◆ **WORK TO COMPLETE**:
Write out the whole listing exactly; no images belong in it.
==== DATA SHOWN ====
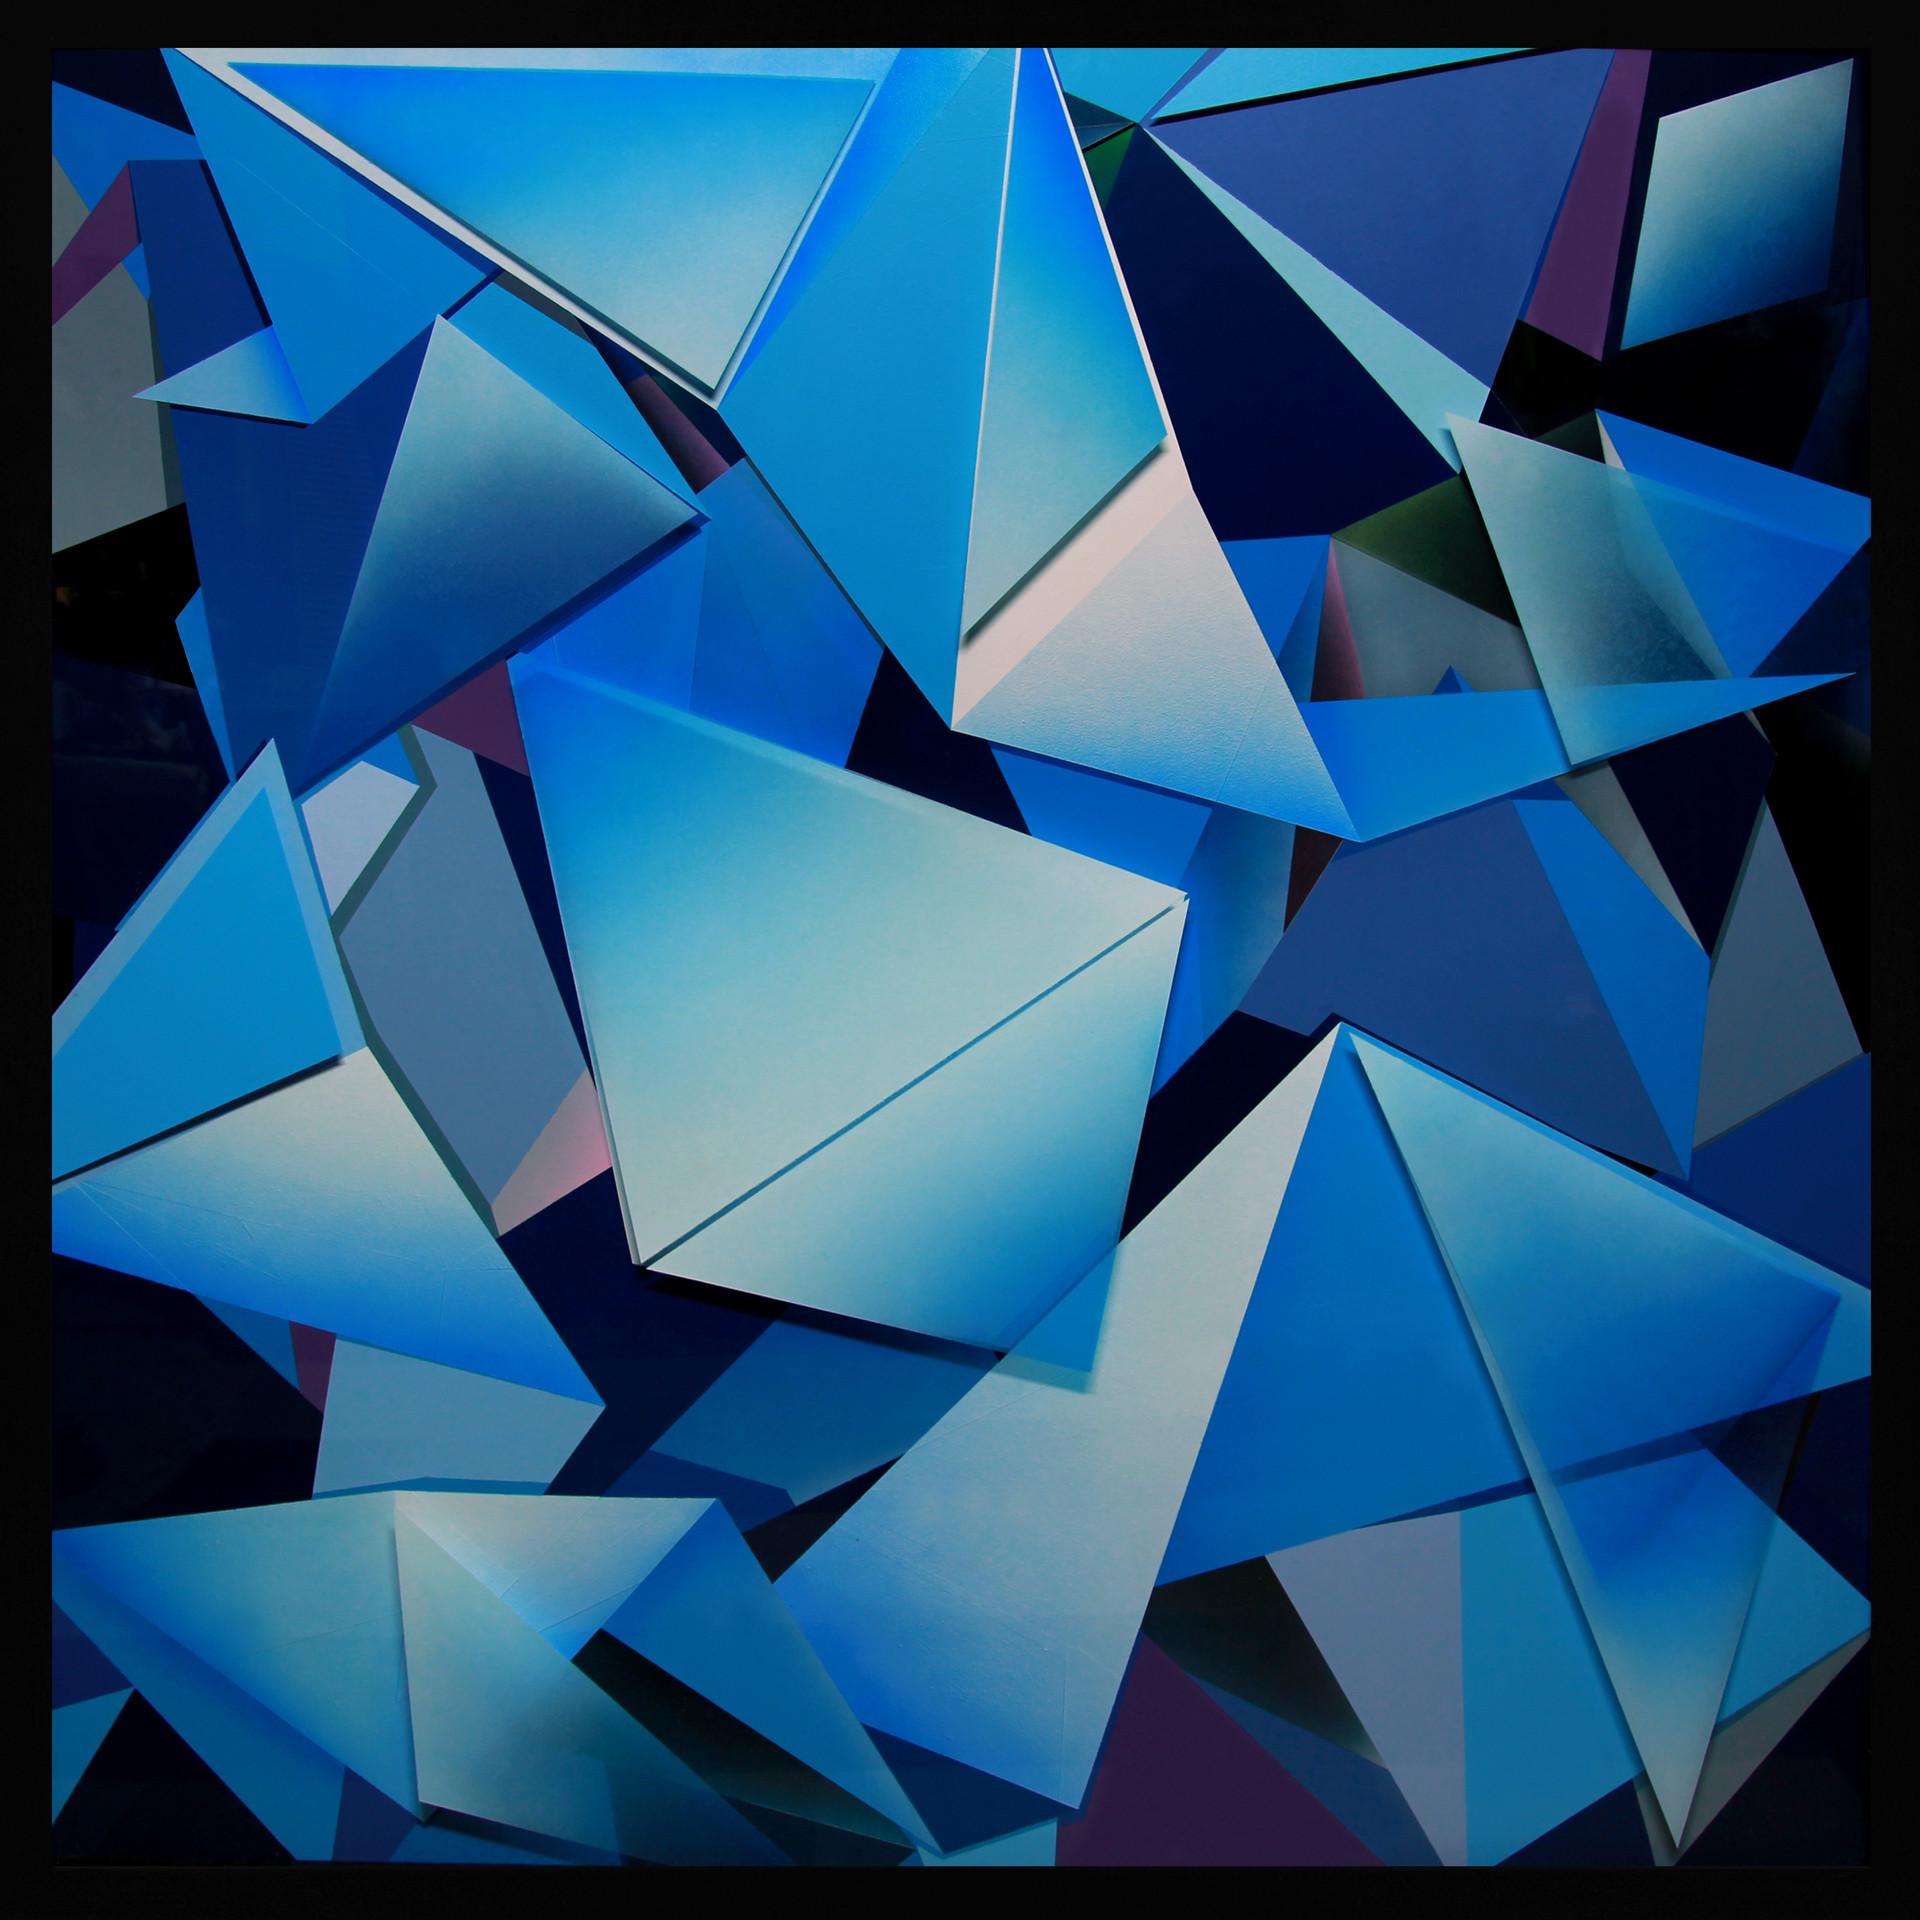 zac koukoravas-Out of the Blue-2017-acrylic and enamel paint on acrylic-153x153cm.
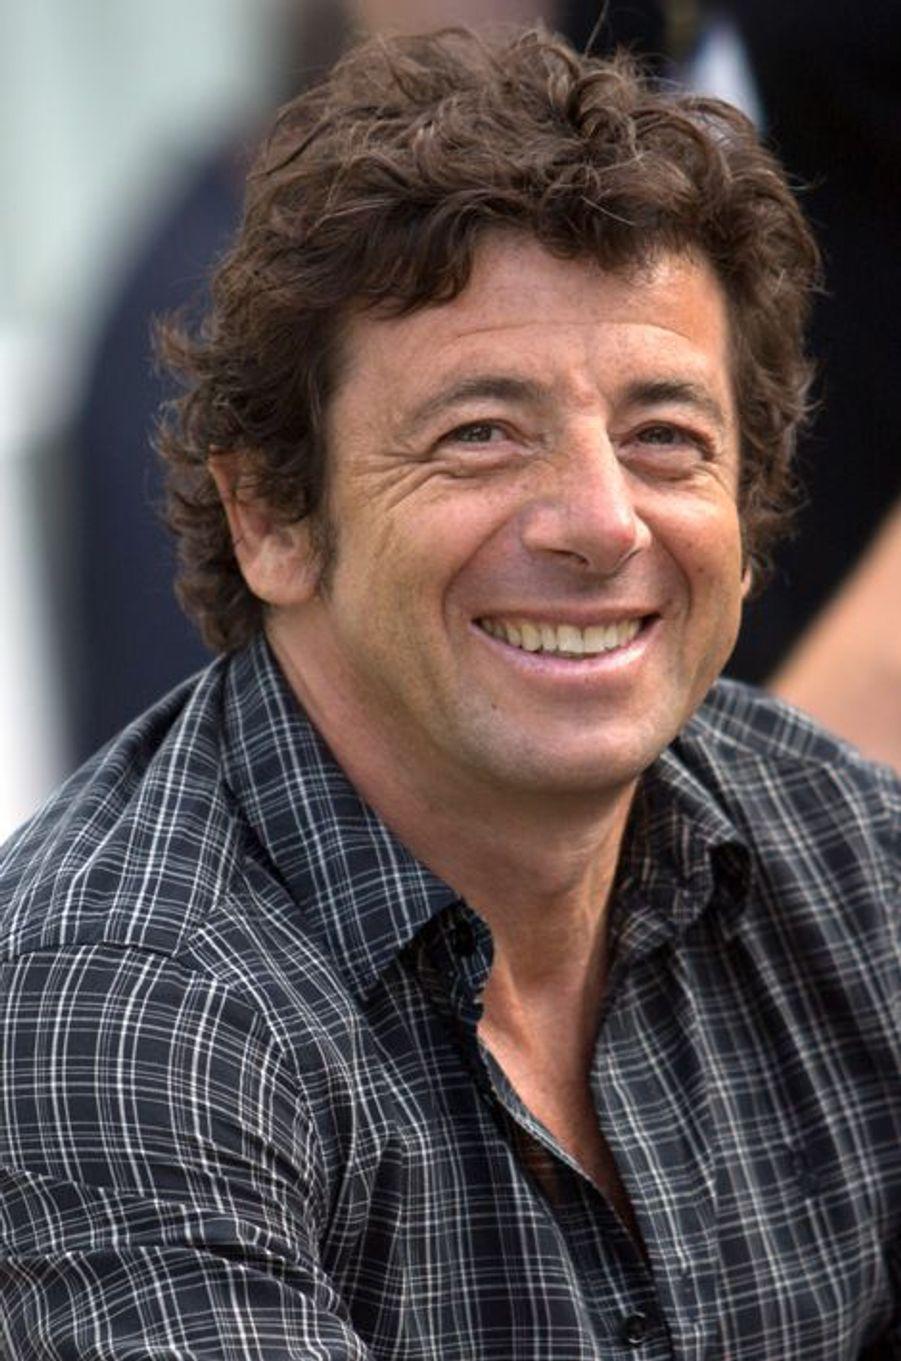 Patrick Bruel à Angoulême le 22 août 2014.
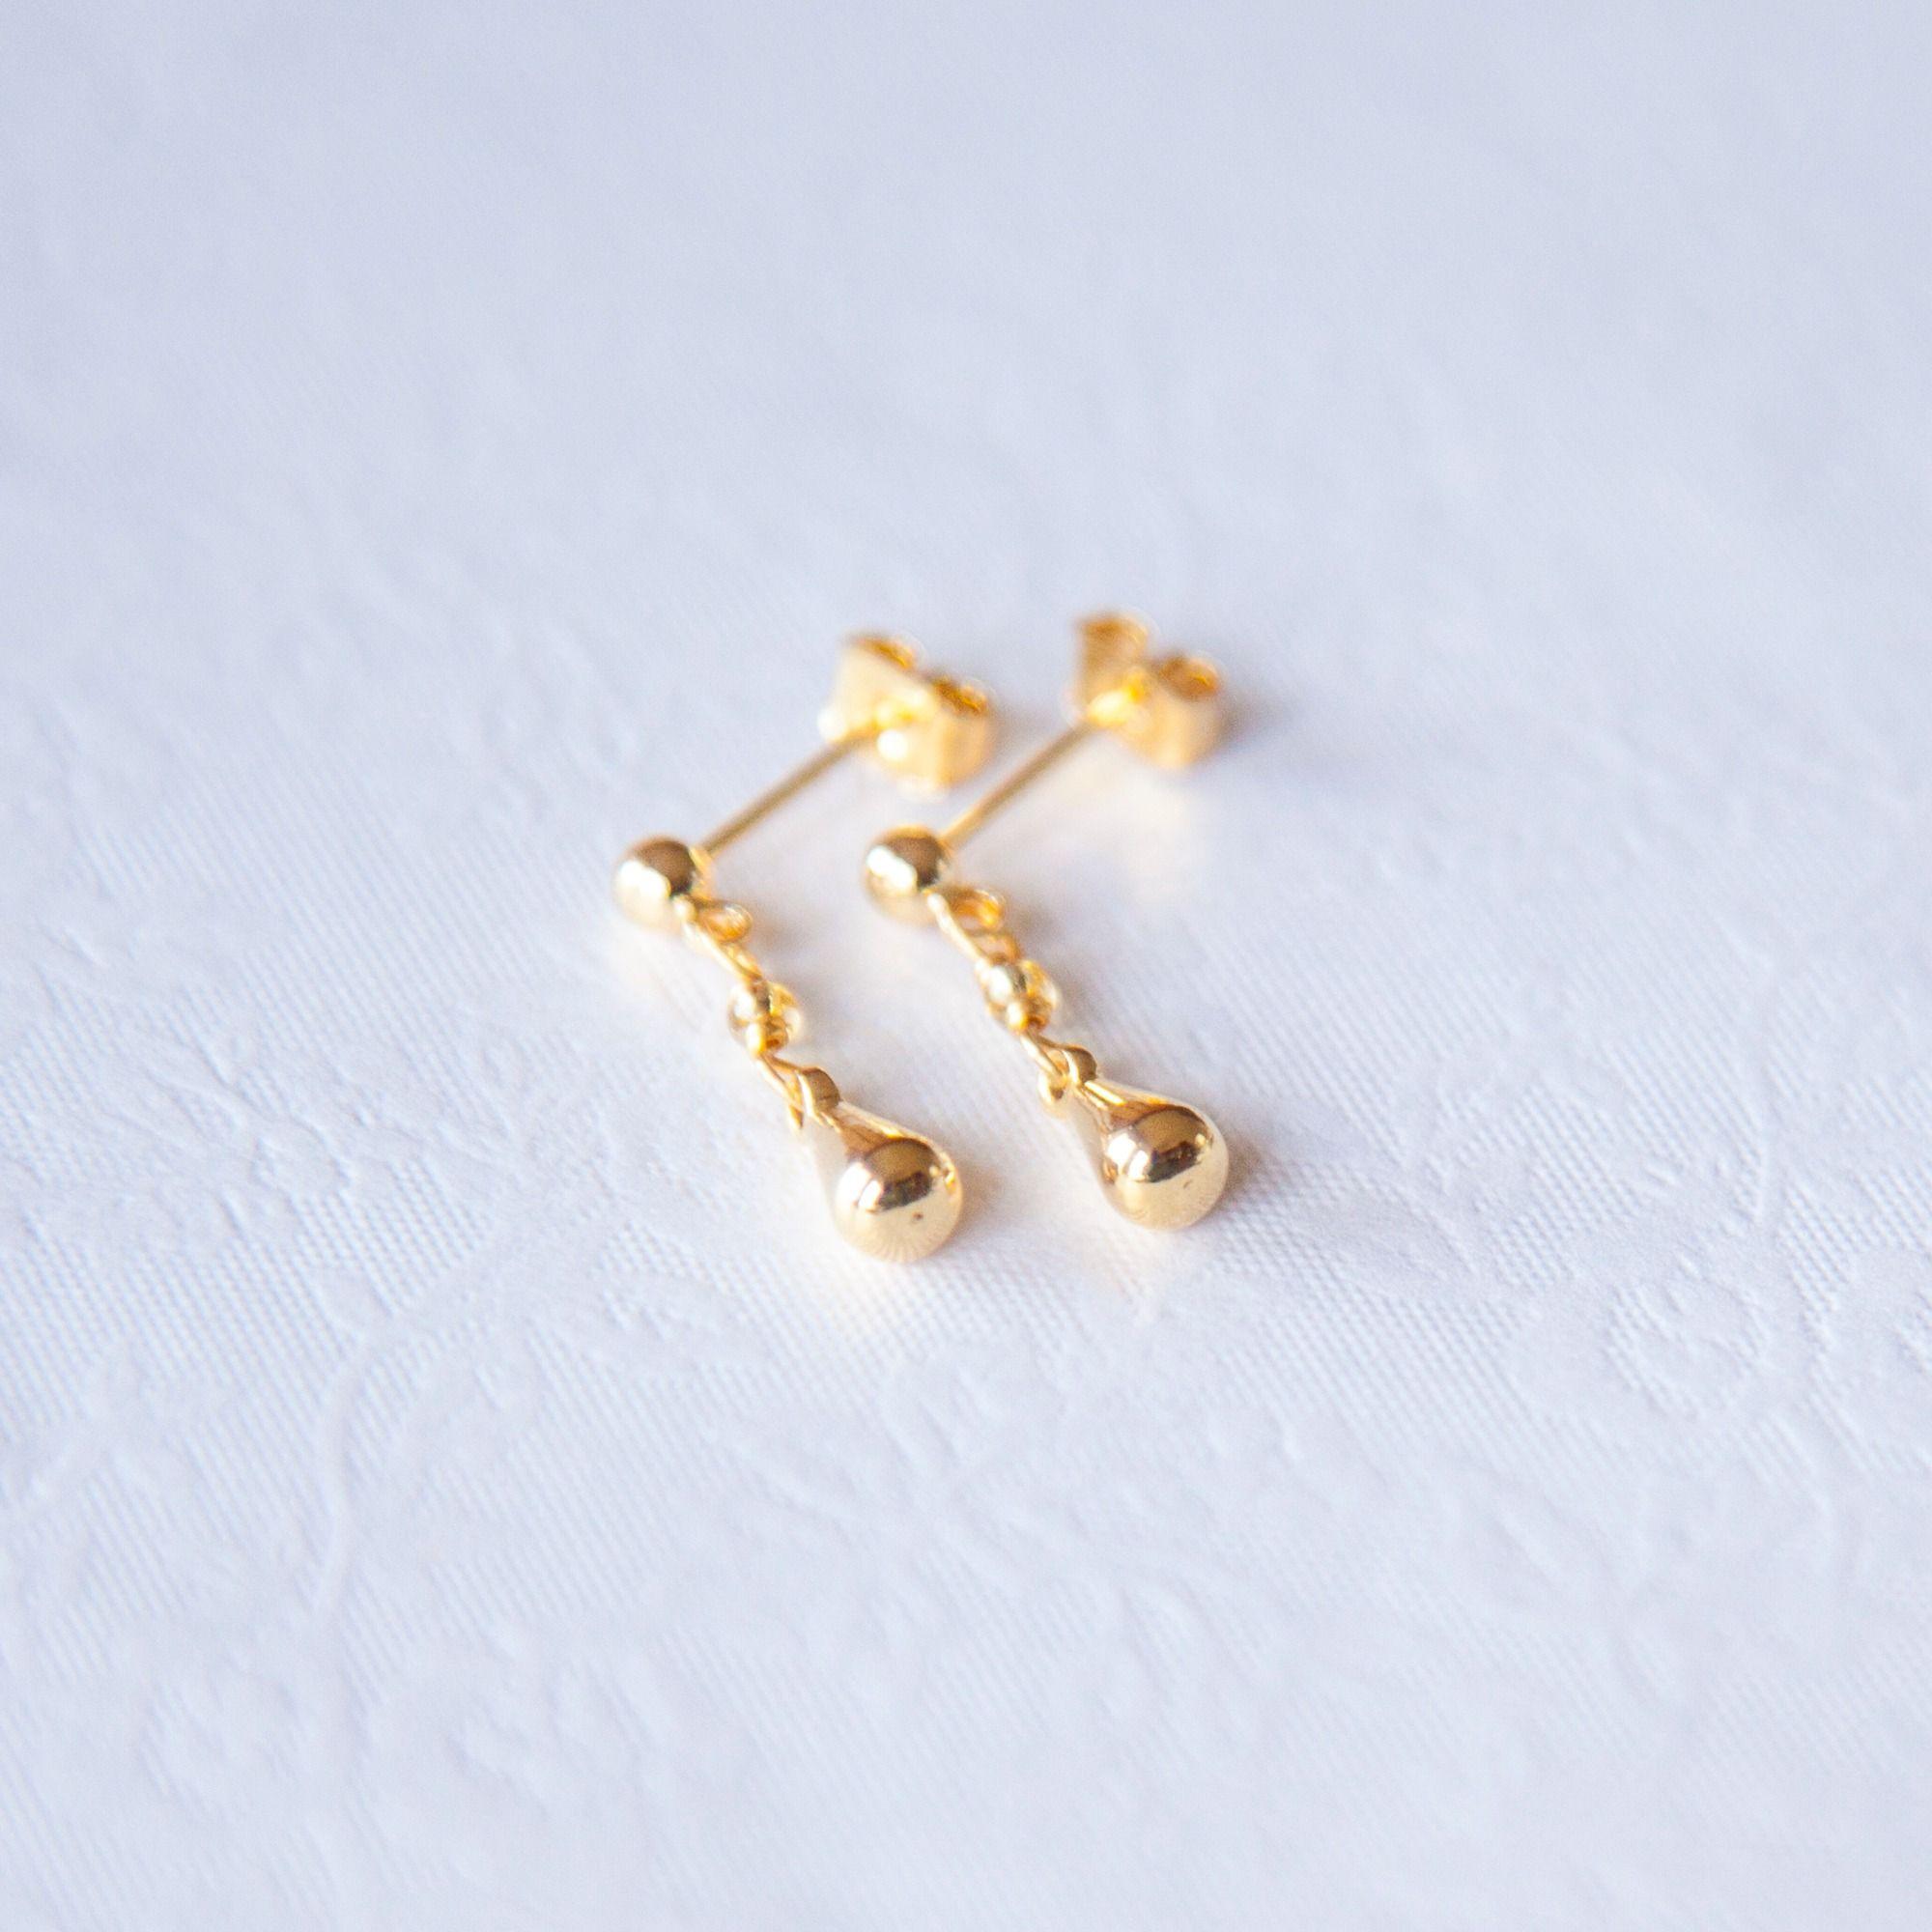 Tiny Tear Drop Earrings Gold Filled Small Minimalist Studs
====
◆ **TASK RESPONSE**:
 zac koukoravas-Out of the Blue-2017-acrylic and enamel paint on acrylic-153x153cm.
 Patrick Bruel à Angoulême le 22 août 2014.
 Tiny Tear Drop Earrings Gold Filled Small Minimalist Studs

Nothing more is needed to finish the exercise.